### Required work
Exactly and only the lines from the line holding "88 Copyright Nokia" to the end of the records should be reproduced. Leave pictures out.
#### Data provided ####
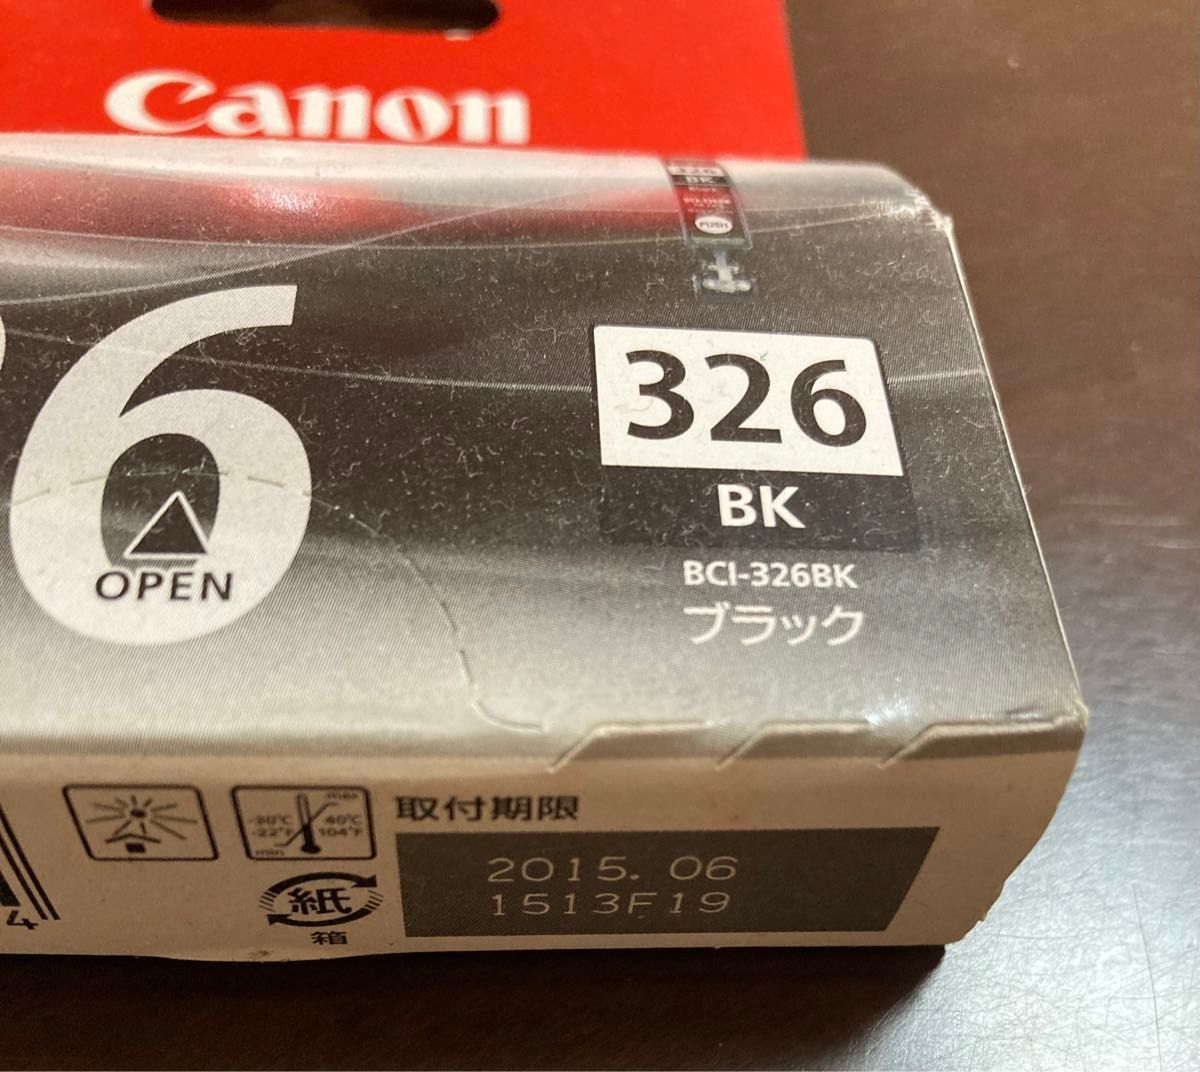 インクカートリッジ Canon PIXUS 326BK 期限切れ
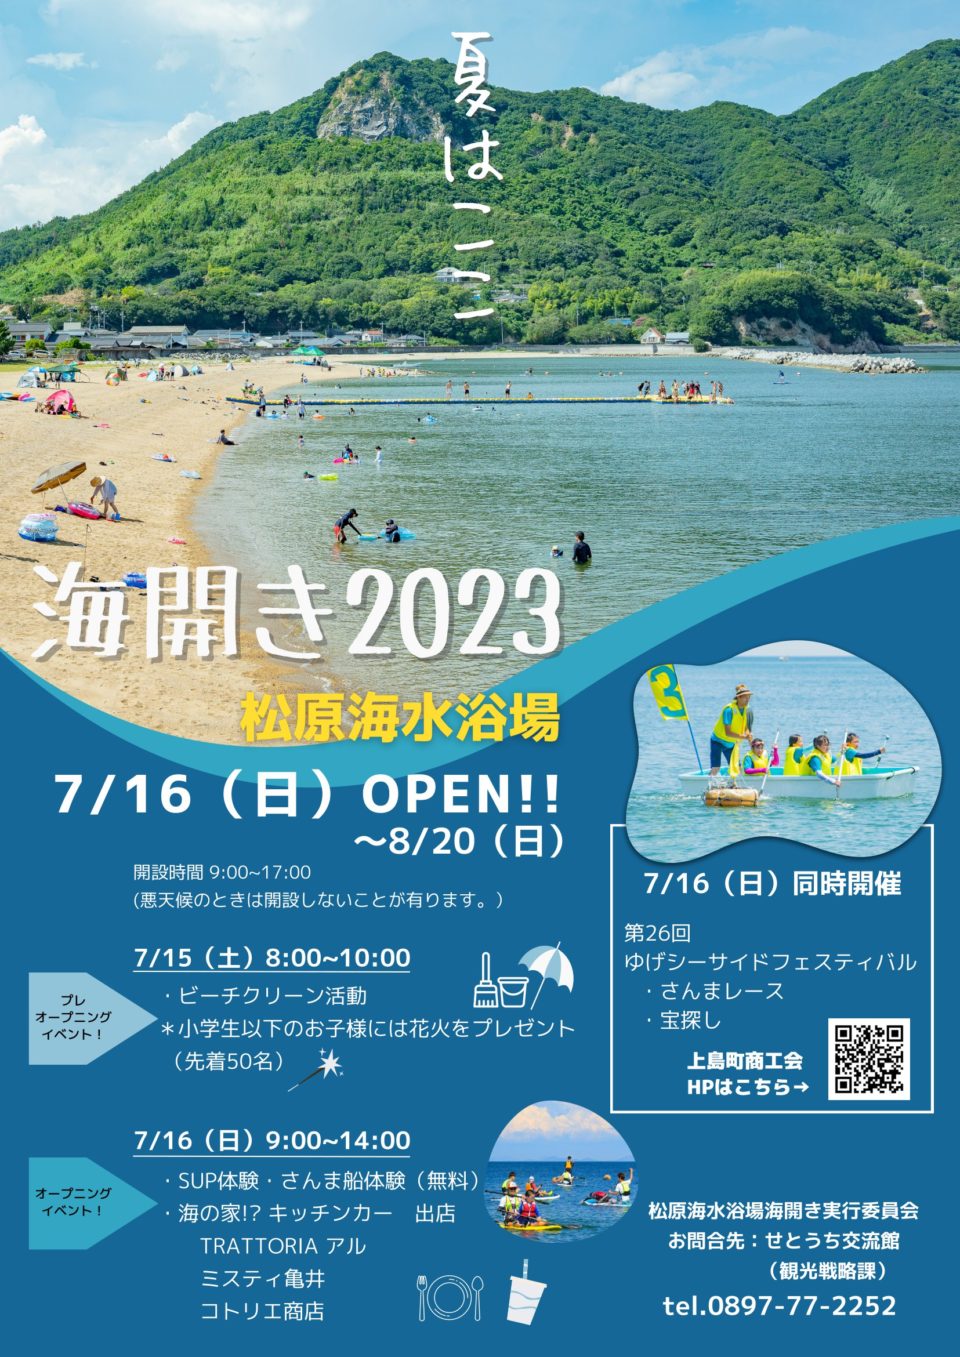 海開き 2023 -松原海水浴場-
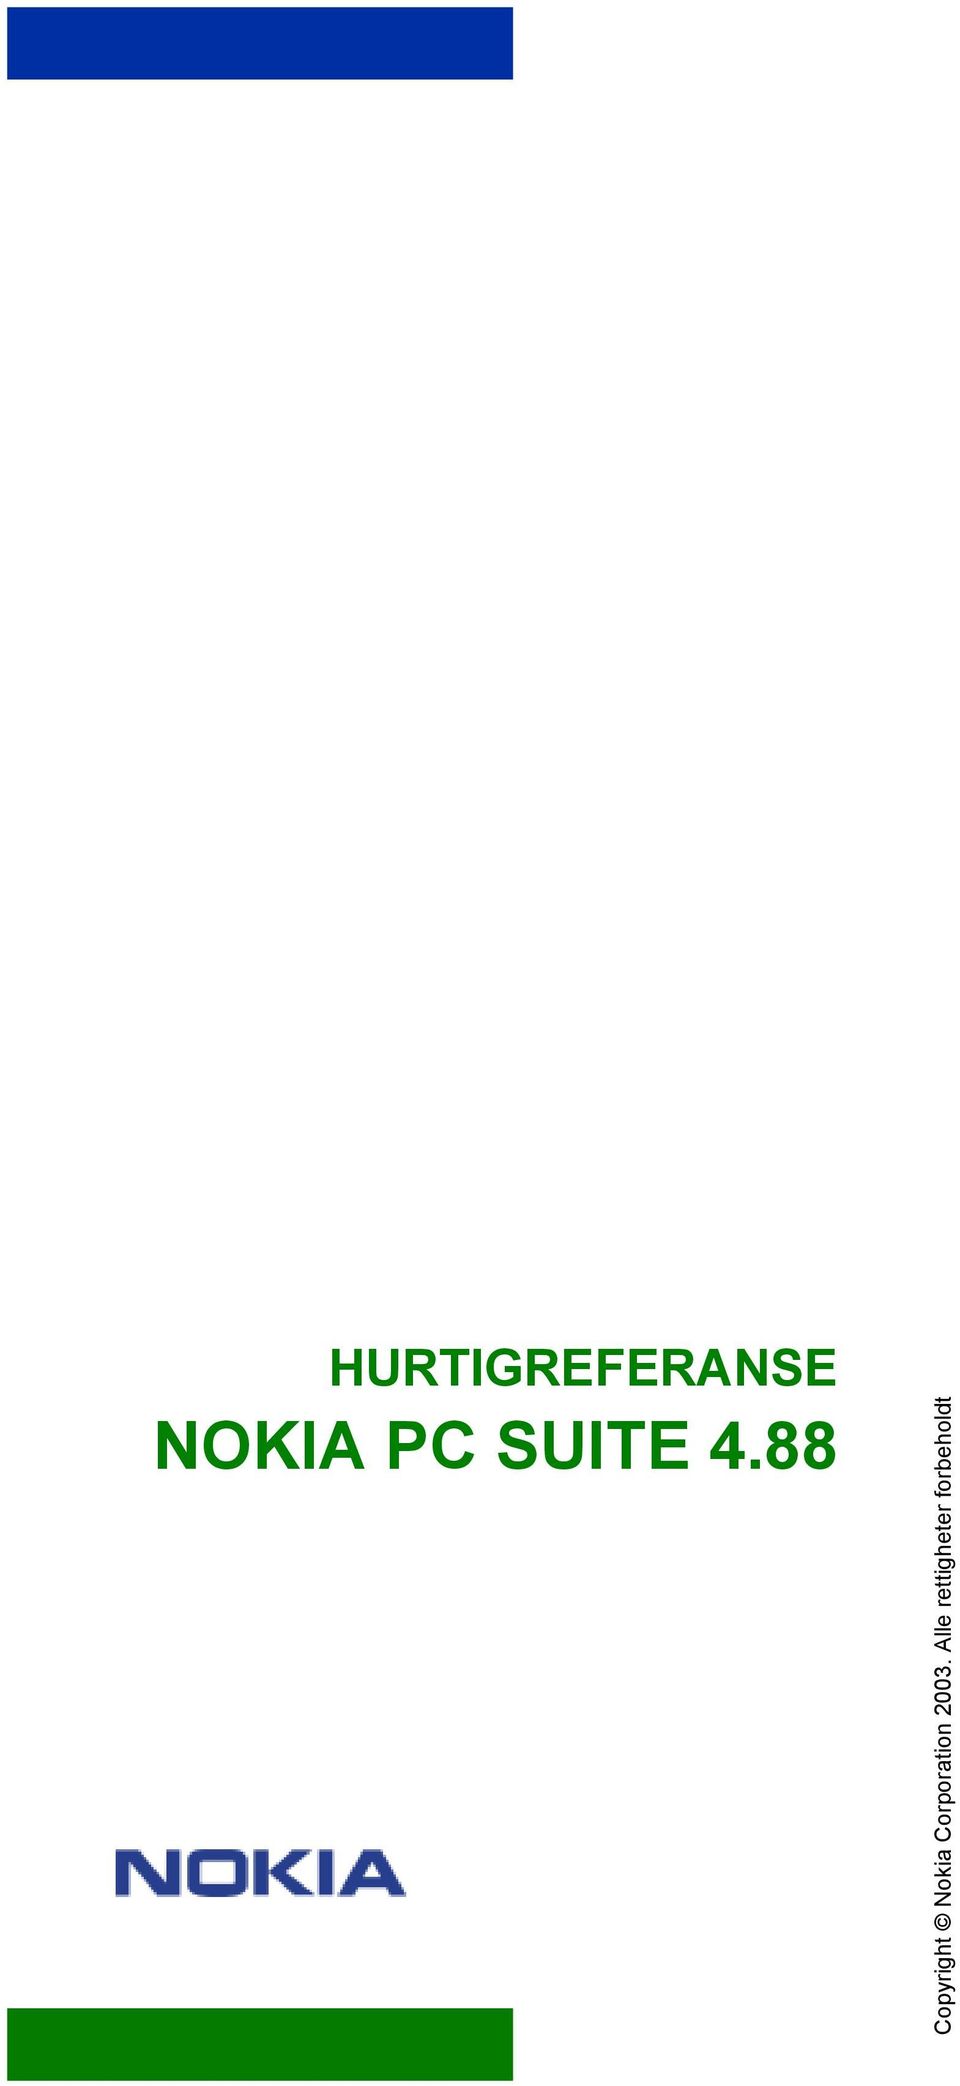 88 Copyright Nokia
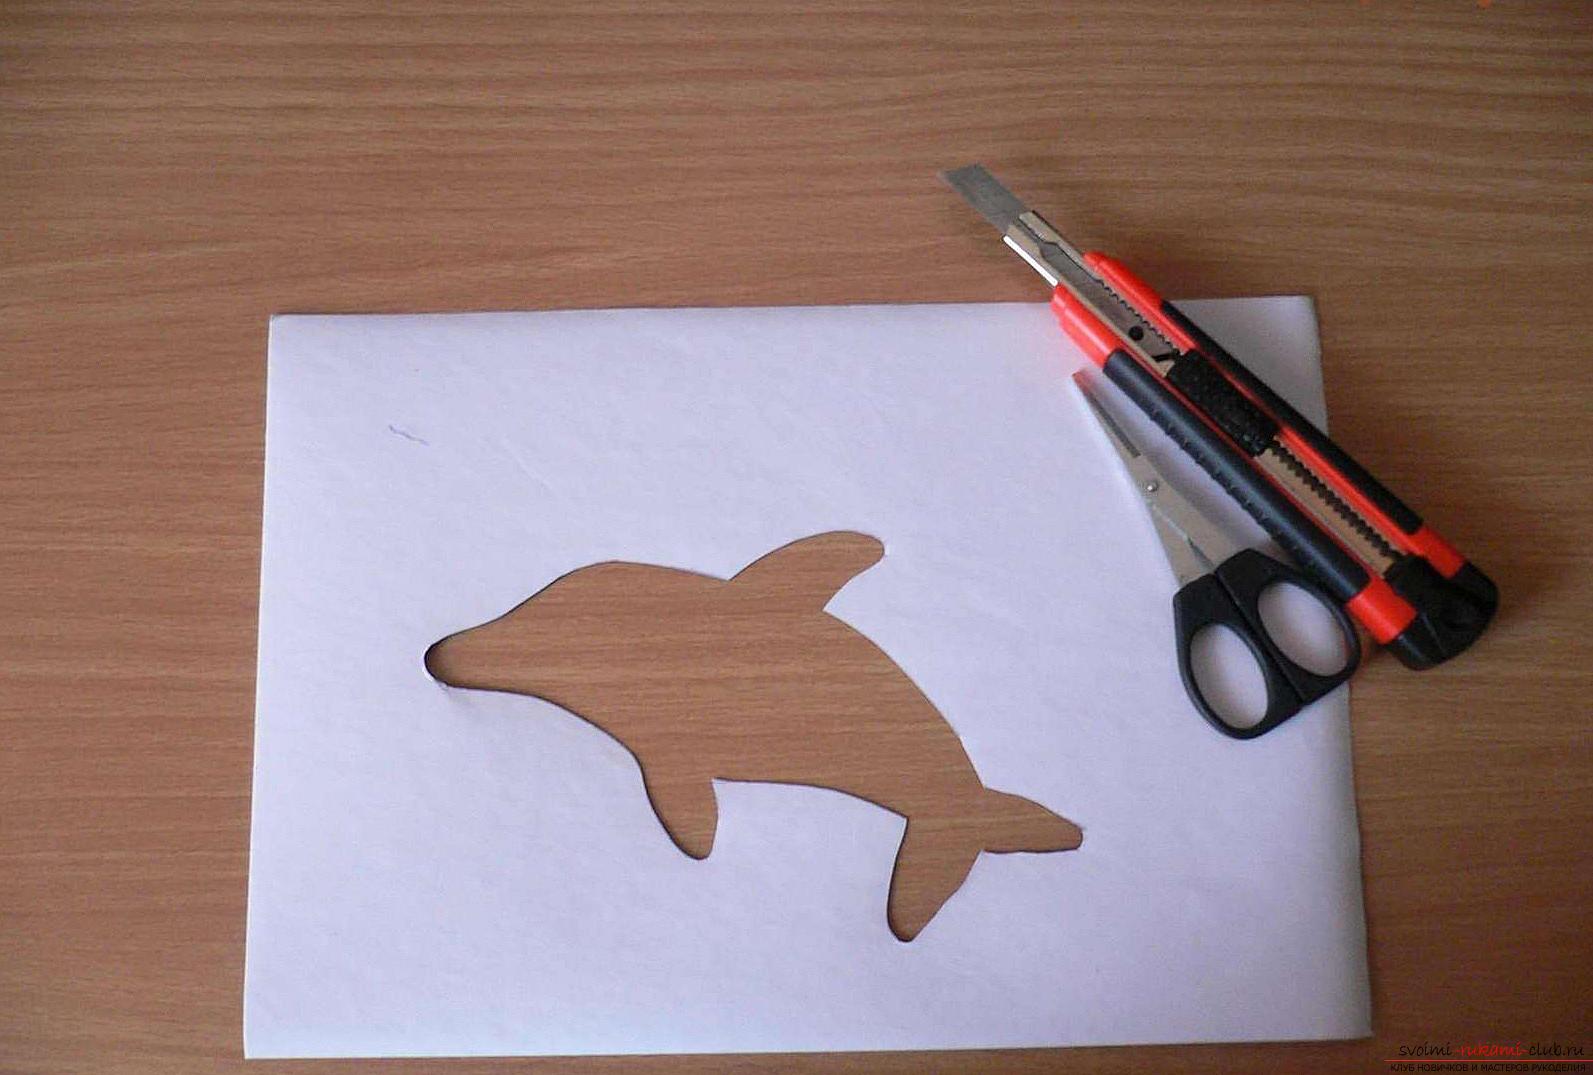 Как сделать картинку с дельфином в технике айрис фолдинг, подробная инструкция с шаблоном, фото и описанием работы
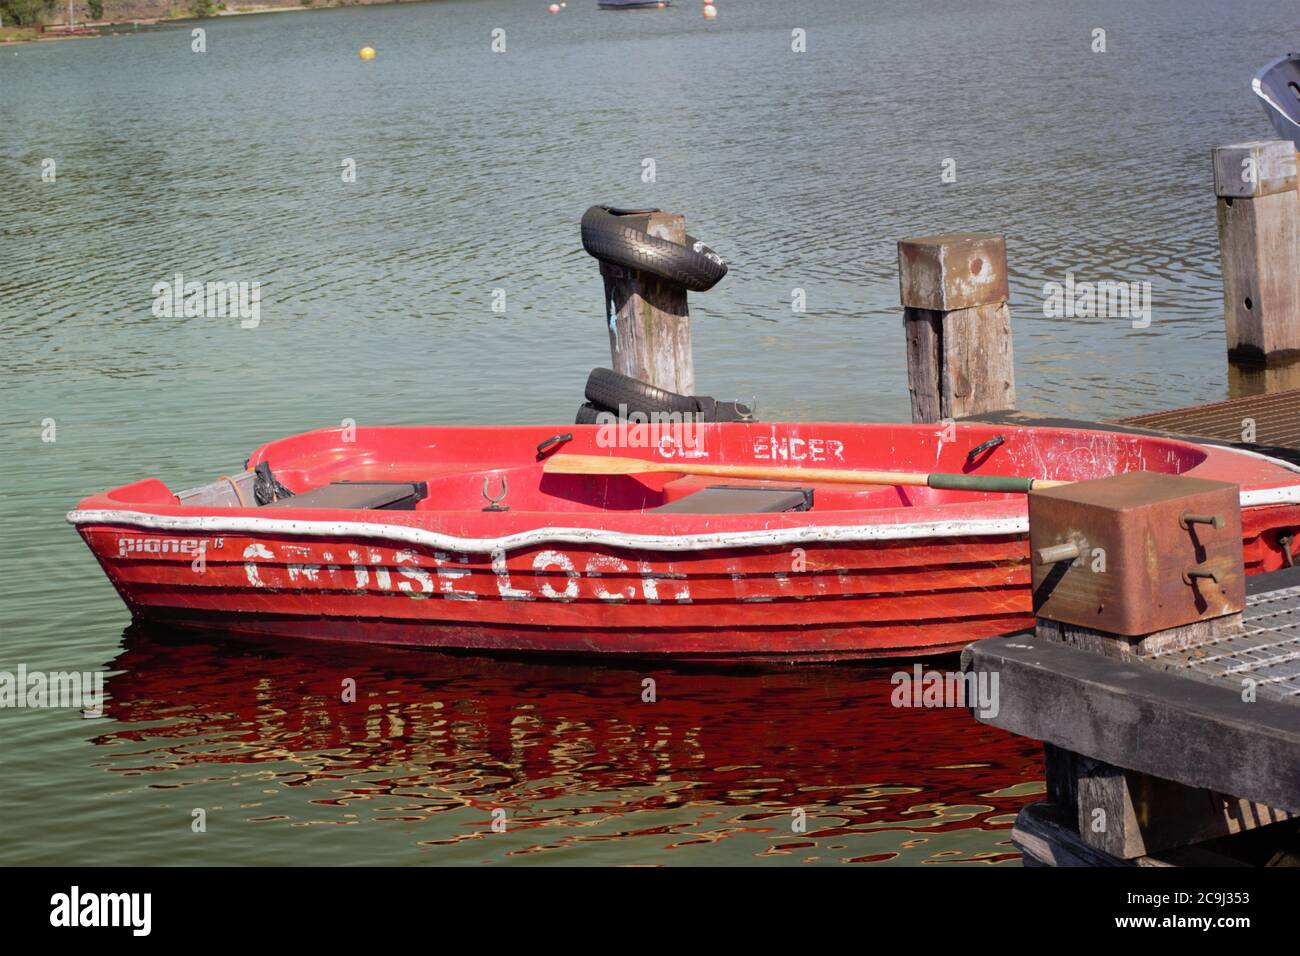 Read boat on Loch Lomond in Scotland, UK Stock Photo
####
### Result for this exercise
 88 Copyright Nokia
 Как сделать картинку с дельфином в технике айрис фолдинг, подробная инструкция с шаблоном, фото и описанием работы
 Read boat on Loch Lomond in Scotland, UK Stock Photo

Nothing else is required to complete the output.